The standard model in the MG dataset, based on SMPL, has 27,554 vertices, with the same topology as the SMPL model for the first 6890 vertices. The presence of models with more vertices and complex clothing significantly increases the difficulty of motion transfer and feature preservation. We used the first 6890 vertices for the test, as shown in Figure 10; we tested MAPConNet and our method on the MG dataset. In the first and second rows, when using the clothed MG dataset model as the reference, MAPConNet fails to identify the pose, resulting in unnatural distortions. In contrast, our method demonstrates more accurate pose recognition. In the second and fourth rows, it can be observed that our method is less sensitive to the features of the source model in the MG dataset. There are distortions in the right foot and finger positions. This is because our method uses the skinning weights from the SMPL model as the ground truth for training, and the vertex weights for clothing differ significantly from those of SMPL, leading to some feature loss.

Figure 11 demonstrates the experimental results of our method on SMAL. Feature extraction is more difficult due to the denser number of vertices on the face. As a result, in the second column, there might be some non-smoothness in the head vertices when the horse opens its mouth. However, overall, our model performs remarkably well in accomplishing pose transfer tasks on the SMAL model.

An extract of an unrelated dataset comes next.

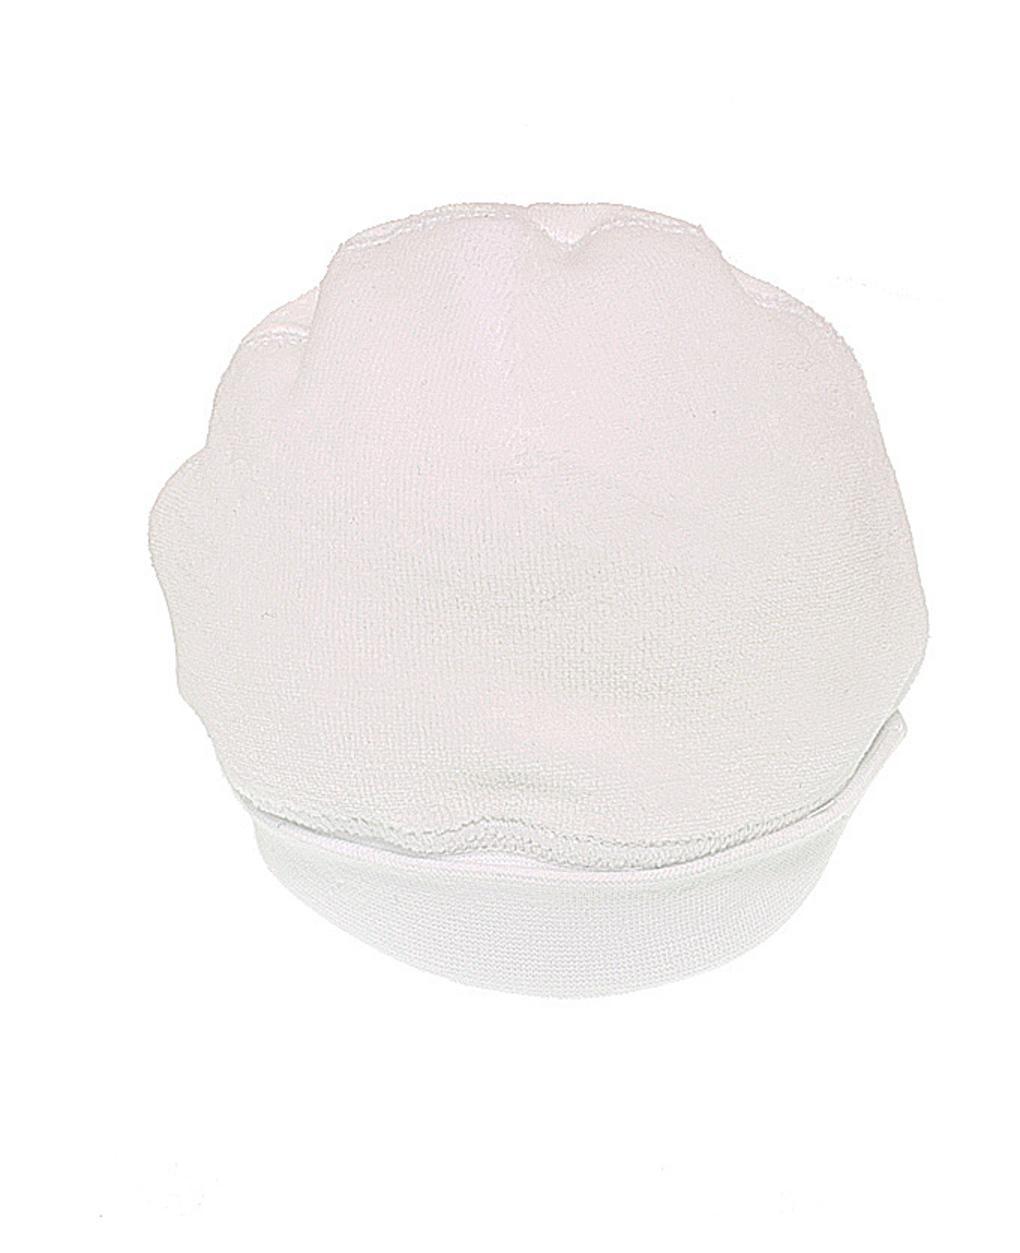 Boné de chenille branco - Prénatal

To test the robustness of our model to noise, we conducted noise testing. We added random noise to the vertices of the reference models and performed pose transfer. The results are shown in Figure 12. The second column represents the reference model without noise, while the fourth and fifth columns show the reference models with added noise and the corresponding pose transfer results. The results show that the generated models have motions that are very similar to the reference models without noise. This indicates that our method maintains a certain level of robustness even in noise interference. Despite the added noise, our approach still produces accurate and visually coherent pose transfer results, demonstrating its ability to handle noisy input and maintain the overall quality of the transferred motions.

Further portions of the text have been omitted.